Our goal is to train you through 5 simple (not easy) exercises to live truthfully and impulsively in the given circumstances of your character.

Actors often ask themselves how can I break through this block or that block or access this emotion or that emotion. My response to that is to focus on being truthful and with every brave moment that you take forward in your work, your borders will expand, gradually leading you to the vulnerable, open point of emotional expression and truthful feeling.

Emotions are felt in the body and feelings are labelled in the mind. So rather than approaching a scene with the idea that you “have difficulty with this feeling” we work towards your body experiencing a truthful emotion, which is sub-conscious, often unconscious and uncontrollable. After all, ideas and feelings are coming from your conscious mind, as you try to figure it out in your head. Your head can’t help you but your body can.  Feelings can be consciously hidden. Emotions are felt regardless of what you try to get your mind to do with them.  

There is no quick exercise I can give you to break through a perceived block. In my view, it’s about the permission you give yourself to go that little bit further each time you come up against that feeling you don’t experience often or that place you “don’t like to go”. Each time you come up to its edge, the border extends a little further from where it started.

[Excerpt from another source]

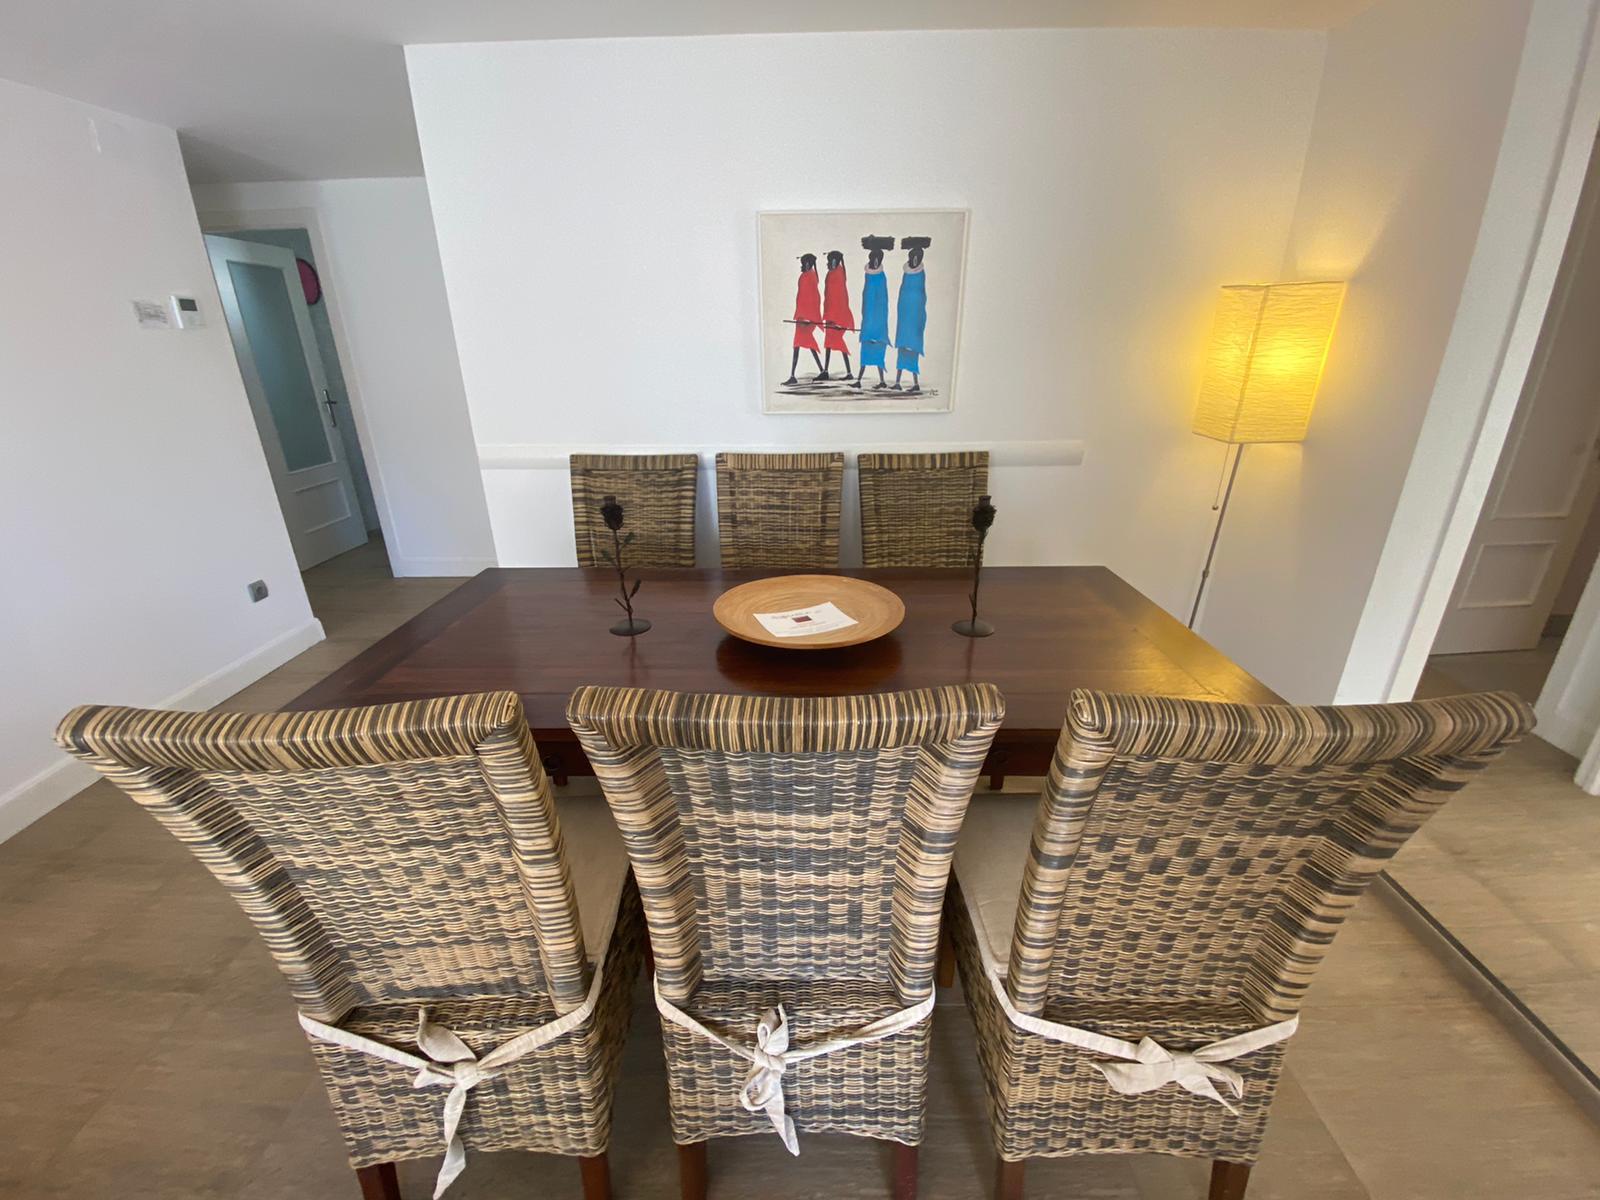 Imagen 4 del Apartamento Turístico, Ático 1 Central (3d+2b), Punta del Moral (HUELVA), Paseo de la Cruz nº22

As your border territory grows with your courage, there will come the time you move through it – safely, without pressure from a teacher or director that berates, belittles, digs and wears you down to achieve the result.

Brené Brown said:

Vulnerability sounds like truth and feels like courage.

We are all socially conditioned to be polite (for the most part) and hold back much of our natural, truthful emotional response from the time we are young. We’ve all been and seen the upset, overloaded emotional toddler who is openly, uncontrollably expressing their emotions. And at some point, we were likely told to sshhh, stop crying, be quiet or to stop behaving in that way.
 

It takes courage to be vulnerable and show your emotions – especially the deep ones. The ones we don’t like to show up, the hidden ones – hidden through fear of judgment, not being accepted, not being cared for, of what might happen if it all came out. They are primal, often kept hidden for fear of what showing them might result in. Accessing these emotions is scary for many actors. The raw, truthful, powerful embodied emotions that occur and you release are a gift, not just for you, but for your audience. We view this as an actor working the muscles that they need in order to do their job as best they can, – not you, the person having an outburst, being unlikeable or having a breakdown.

We all get up each day and head into the world with our armour up and mask on so we can function. To order coffees, drive on the road, get on the tram and generally be socially accepted.

It is my job to show you the ways to gently let these armours down so that you can act – openly, truthfully and fully – with access to all of your emotion. It happens gradually, over time, as you build trust and confidence in yourself as you discover the technique and trust those you are working with.